HTTP request sent, awaiting response... 200 OK
Length: 68606236 (65M) [application/zip]
Saving to: ‘./cats_and_dogs_filtered.zip’


2019-10-13 19:30:27 (156 MB/s) - ‘./cats_and_dogs_filtered.zip’ saved [68606236/68606236]



## Stage 2: Dataset preprocessing

### Import project dependencies


In [0]:
import os # Operating System for paths, folders etc
import zipfile # For unzipping the dataset
import numpy as np
import tensorflow as tf
import matplotlib.pyplot as plt

from tqdm import tqdm_notebook # progress bar
from tensorflow.keras.preprocessing.image import ImageDataGenerator # to create automatic image preprocessing pipeline

%matplotlib inline # all visualizations stay within notebook
tf.__version__ # print tf version

UsageError: unrecognized arguments: # all visualizations stay within notebook


### Unzipping the Dogs vs Cats dataset

In [0]:
dataset_path = "./cats_and_dogs_filtered.zip"

In [0]:
zip_object = zipfile.ZipFile(file=dataset_path, mode="r")

In [0]:
zip_object.extractall("./")

In [0]:
zip_object.close()

### Seting up dataset paths

In [0]:
dataset_path_new = "./cats_and_dogs_filtered/"

In [0]:
train_dir = os.path.join(dataset_path_new, "train")
validation_dir = os.path.join(dataset_path_new, "validation")

## Building the model

### Loading the pre-trained model (MobileNetV2)

In [0]:
IMG_SHAPE = (128, 128, 3) # (px_x, px_y, 3 RGB layers)
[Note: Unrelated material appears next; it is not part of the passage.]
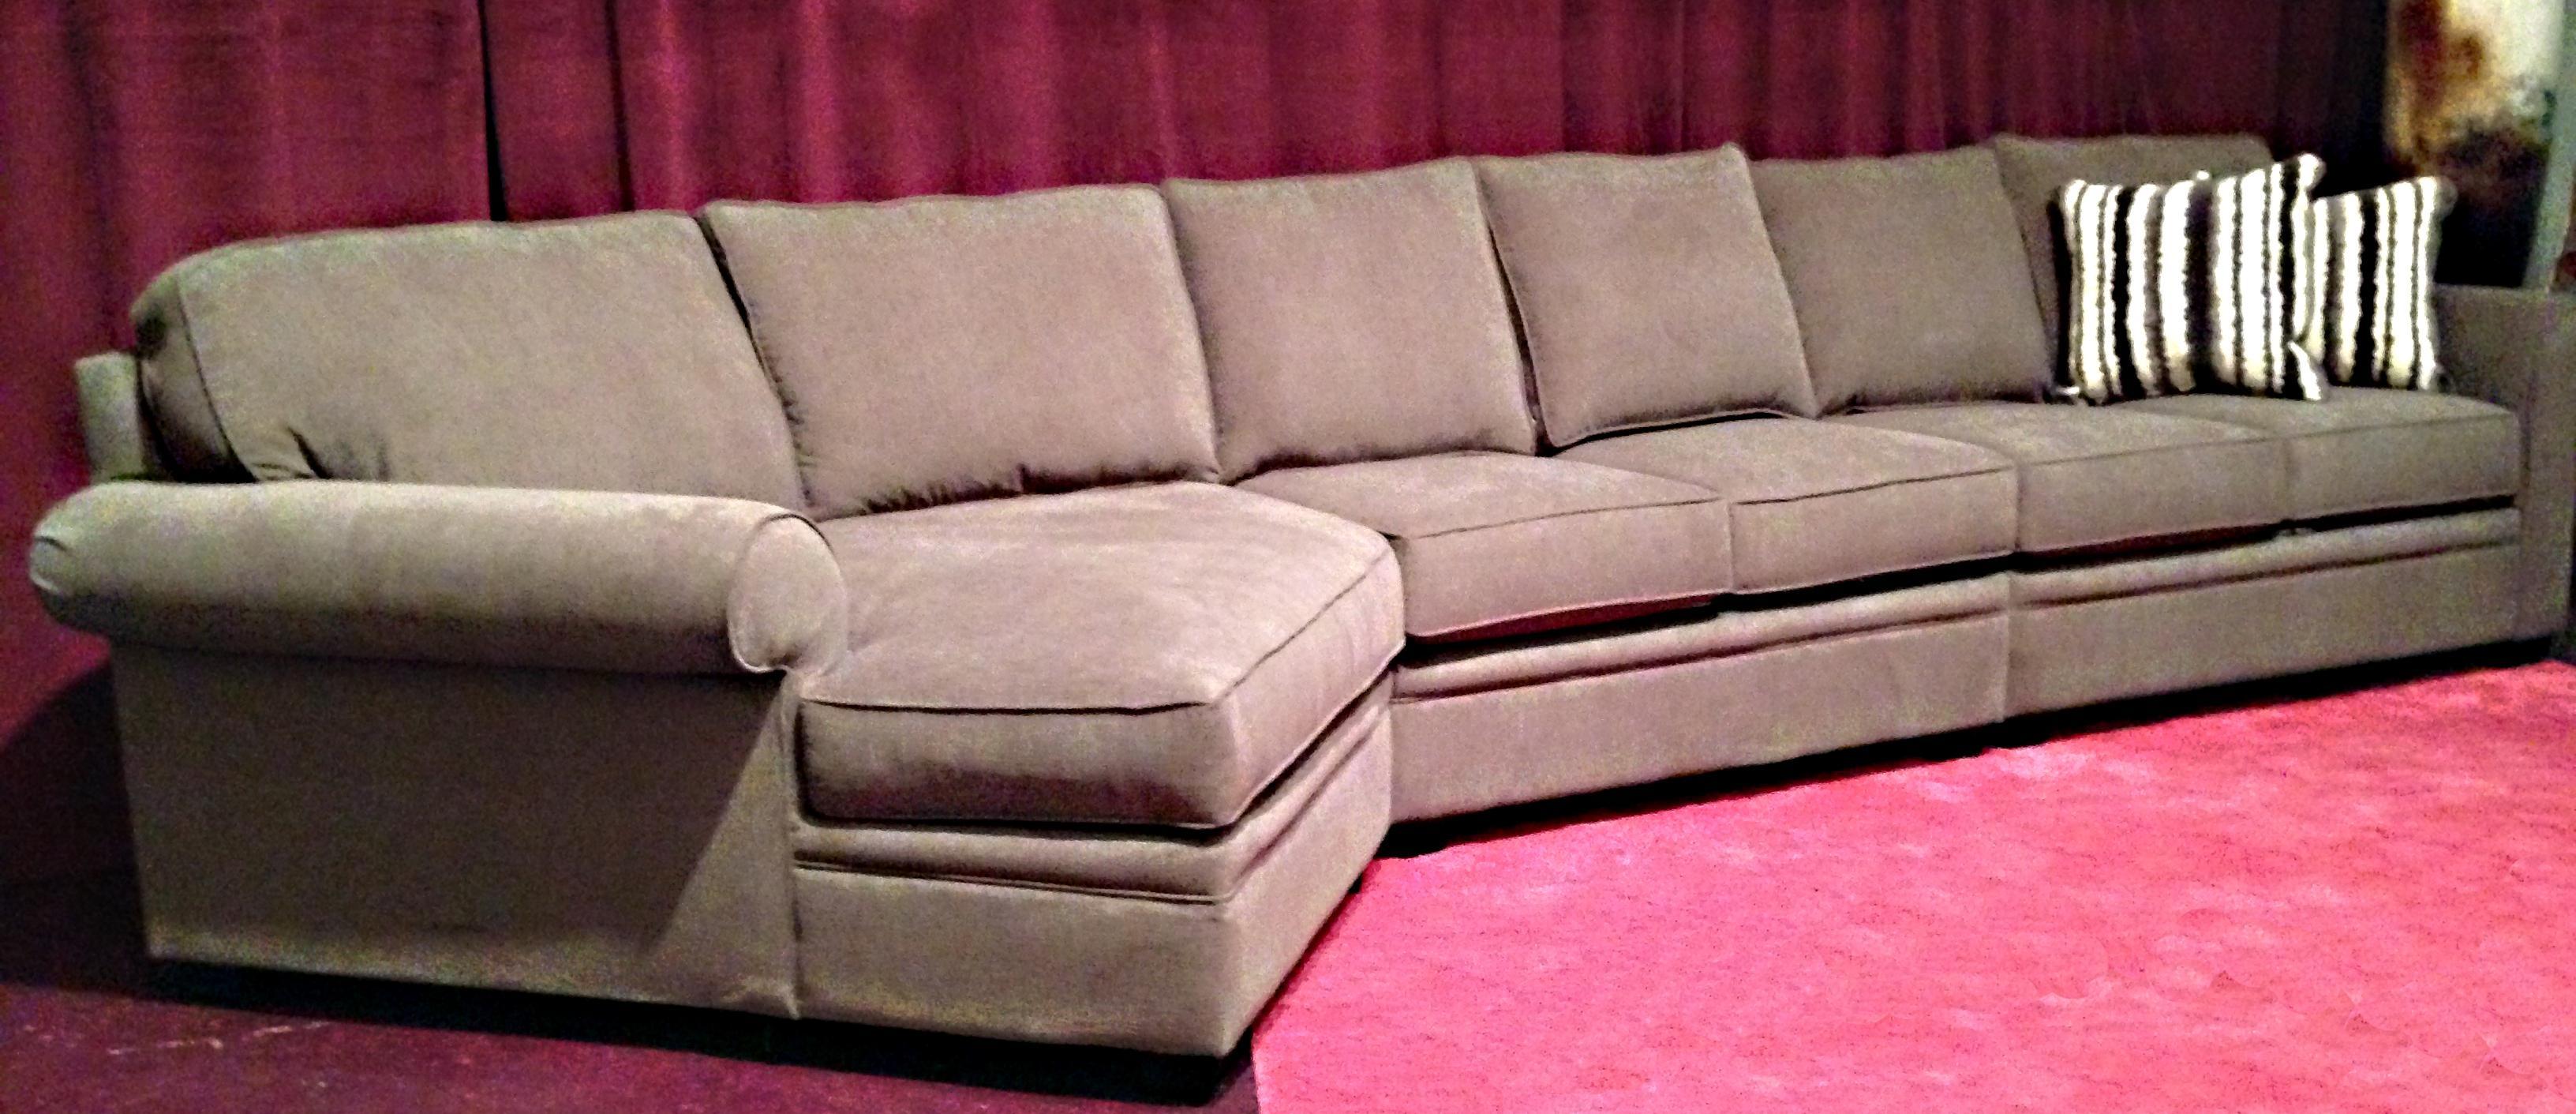 One Cushion Sofa Canada   Cushions Decoration In Deep Cushion Sofa (Image 13 of 20)

- `tf.keras.applications.` allows to choose many different pre-trained models (Inception,ResNet, MobileNet etc)

- `input_shape=IMG_SHAPE` -- (px_x, px_y, 3 RGB layers)
- `include_top=False` -- To Create a Custom Head
- `weights="imagenet"` -- Load pre-trained ImageNet weights


In [0]:
base_model = tf.keras.applications.MobileNetV2(input_shape=IMG_SHAPE, include_top=False, weights="imagenet")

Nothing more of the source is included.